そんなことするなら死んだほうがましだ!って思うのが普通だろうけど。』

当たり前だよ、君頭おかしいよ。

「どうも。それを繰り返しても「やっぱり死んでいたらよかった」って思うもんなの」

僕を実験台にしたいのかね…
そんな事僕にはわからない。でも突然人生がハッピーになるなんて今の僕には想像できないよな。
 
「その位追い詰められた感じの作家とかいたかしら…。」

何ぶつぶつ言ってるんだ、

「あ、あのさ、普通の心理状態の時ってたいしておもしろい事書けないじゃない、
すごい文章書く人って少なからずどっかイカれてると思うのよ。あんな文章書くのはノイローゼじゃなきゃ無理!」

誰の事を言ってるだろ。

「だからさ、普通の人にはわからないドロドロがあるなら知りたい。
私はパンピーだからそんなのないし。
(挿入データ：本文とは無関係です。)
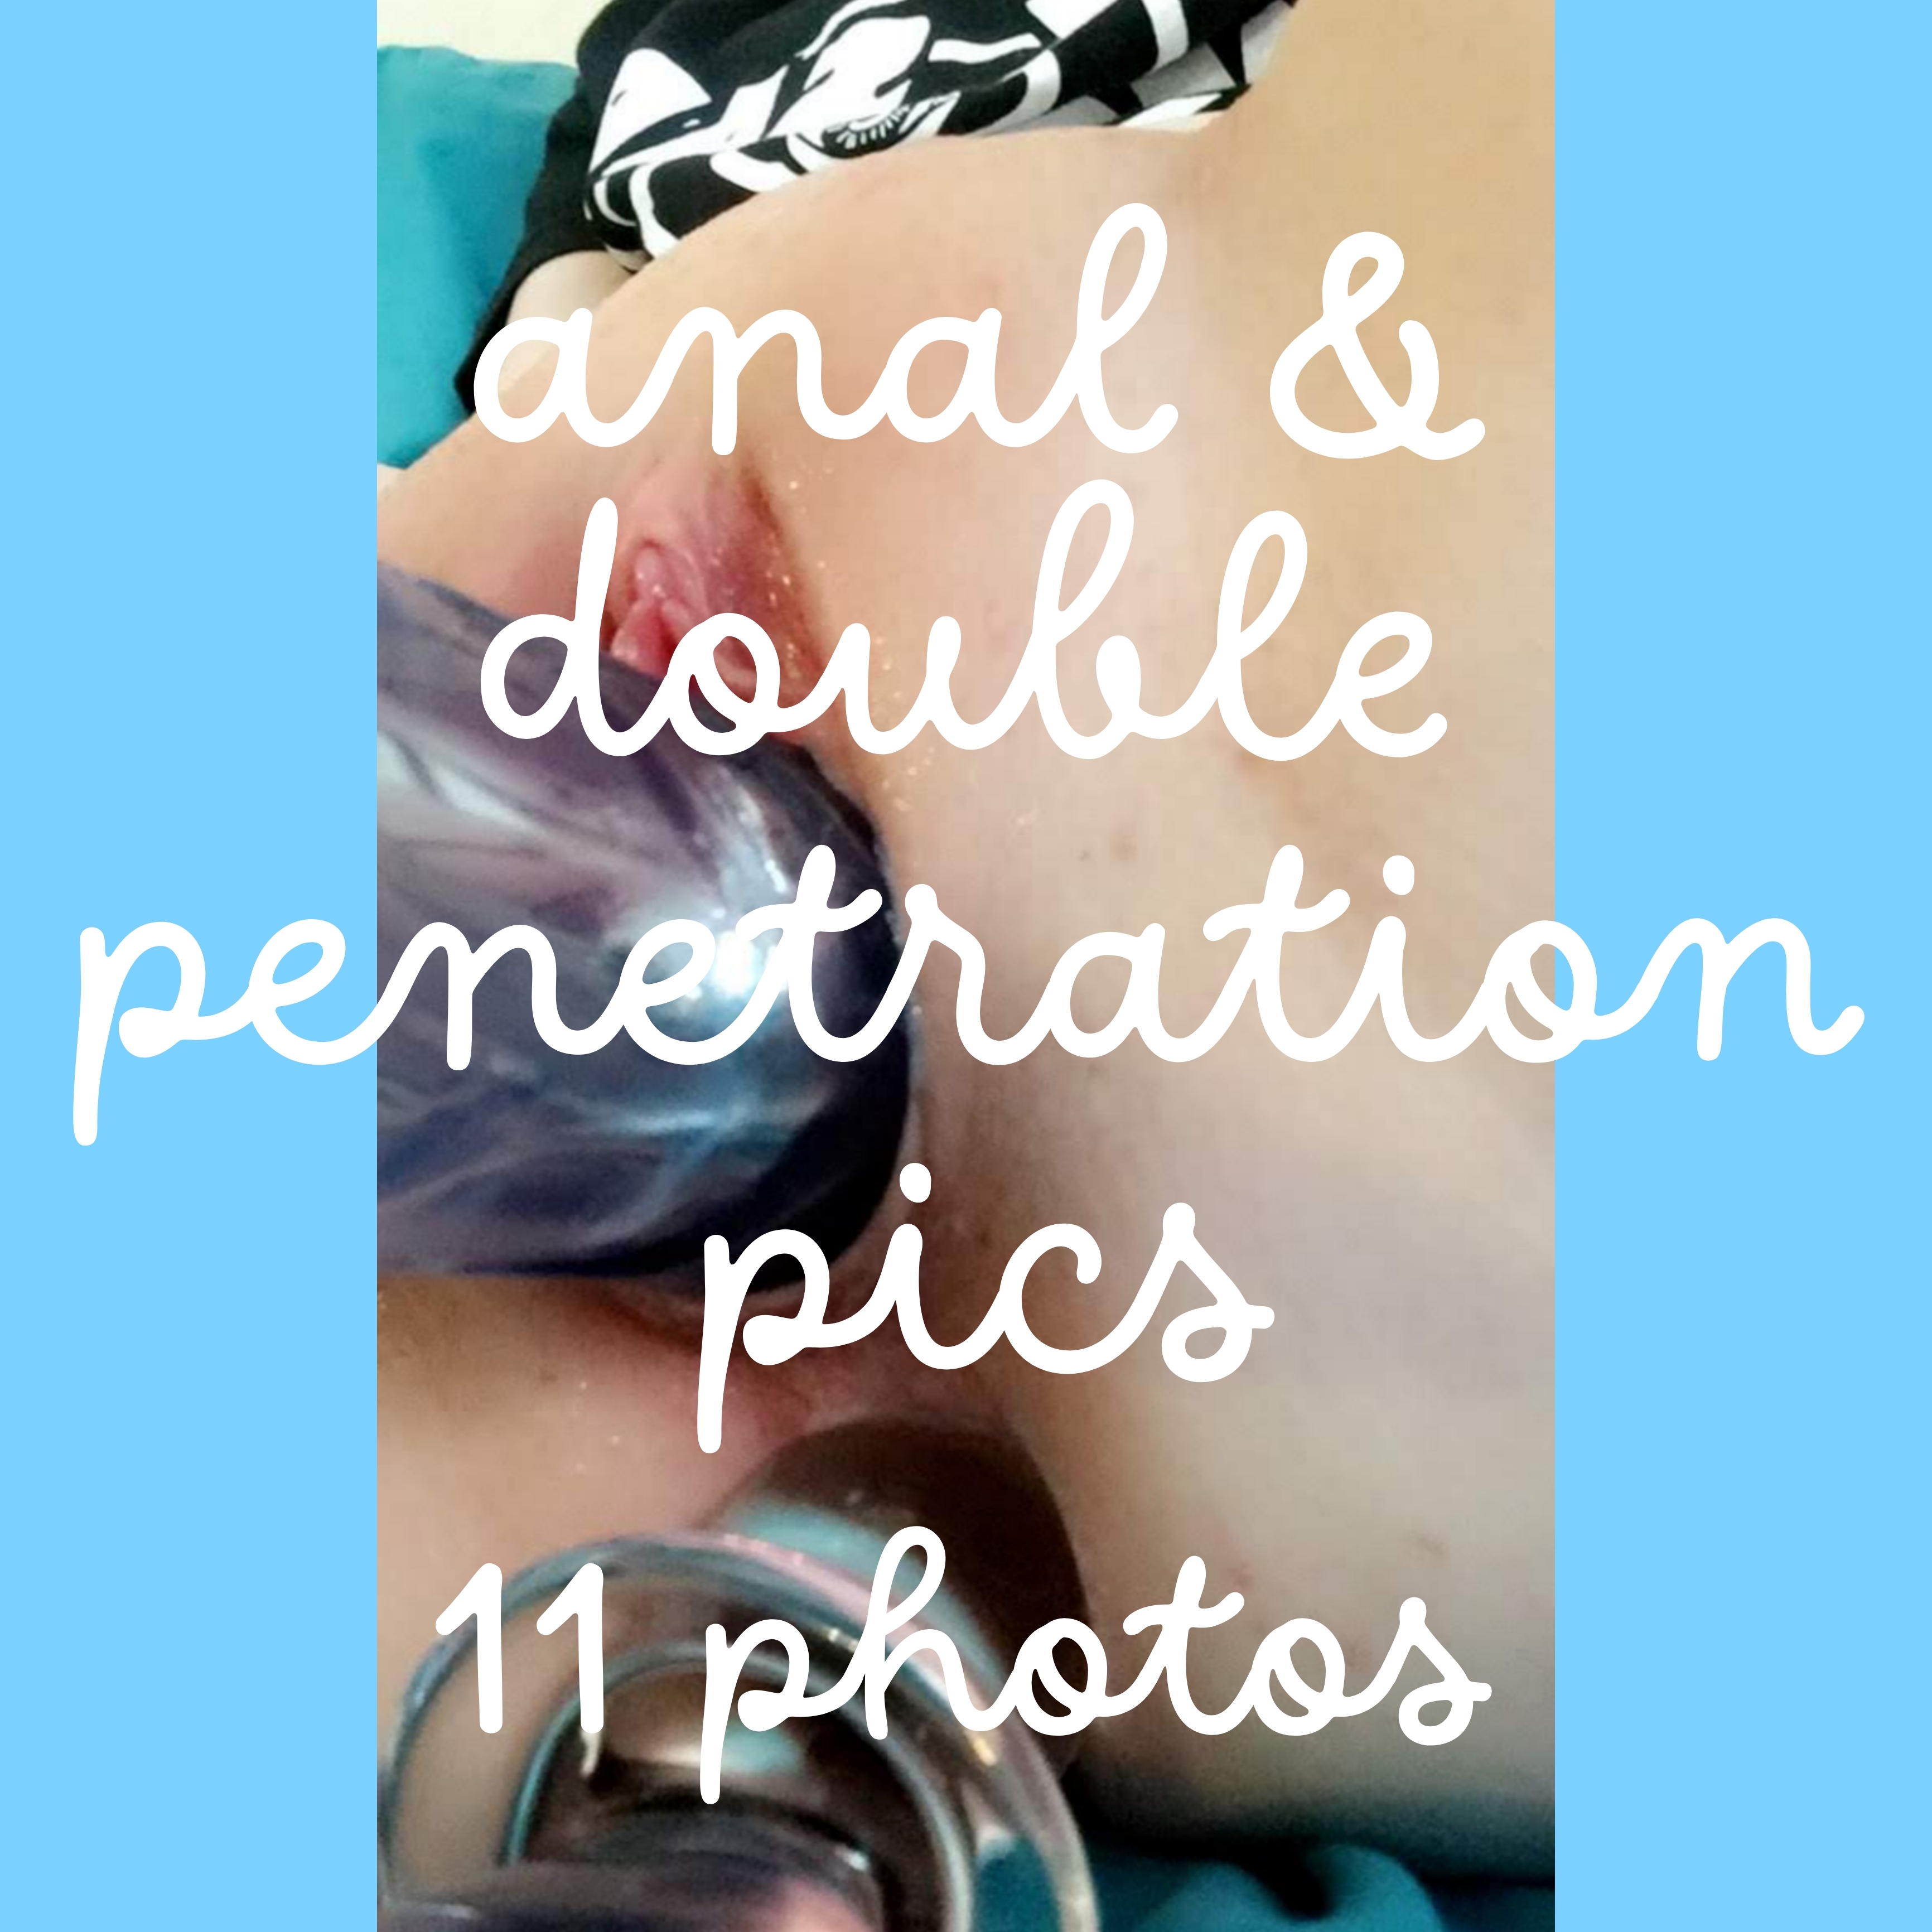 anal and dp pics photo gallery by Squeezypeach

」

君って充分変わってると思うけどね、今にも死にそうって奴に「死んじまえ」とも「がんばれ」とも言わないんだ。
僕だってそういう奴になんて言っていいかわからない。「僕も死にたいんだ」か?

「それじゃあ死んじゃうよね…っていうすごいものがやっぱりあるもんなの?」

いろんな理由はあるけどそんな壮大なストーリーはないさ、つまらないどうでもいい人生なんだからさ。
で、自ら死ぬにはそんなに秀でた理由が必要なもんか。というか僕なんてどこも秀でてないから死ぬんだよな。


「本になったら教えてくれる。」

とんでもない期待をかけないでくれよ、こんな僕に。

「これって「がんばれ」の部類に入るのかしら。でも大丈夫、私待ってたりしないから。
第一私たちがこうやってまた話すかもわからないでしょ?逐一「調子どう?進んでる?」なんて聞いたりしないし。」

たしかにそうだね、まあ適当に考えとくよ。

「好き勝手言わせてくれてありがとう。」
「あなたが自殺しそうになったら、私、「一番苦痛な方法」であなたを殺しに行こうかな。」

そりゃ、後悔、後にも先にも立たずだな。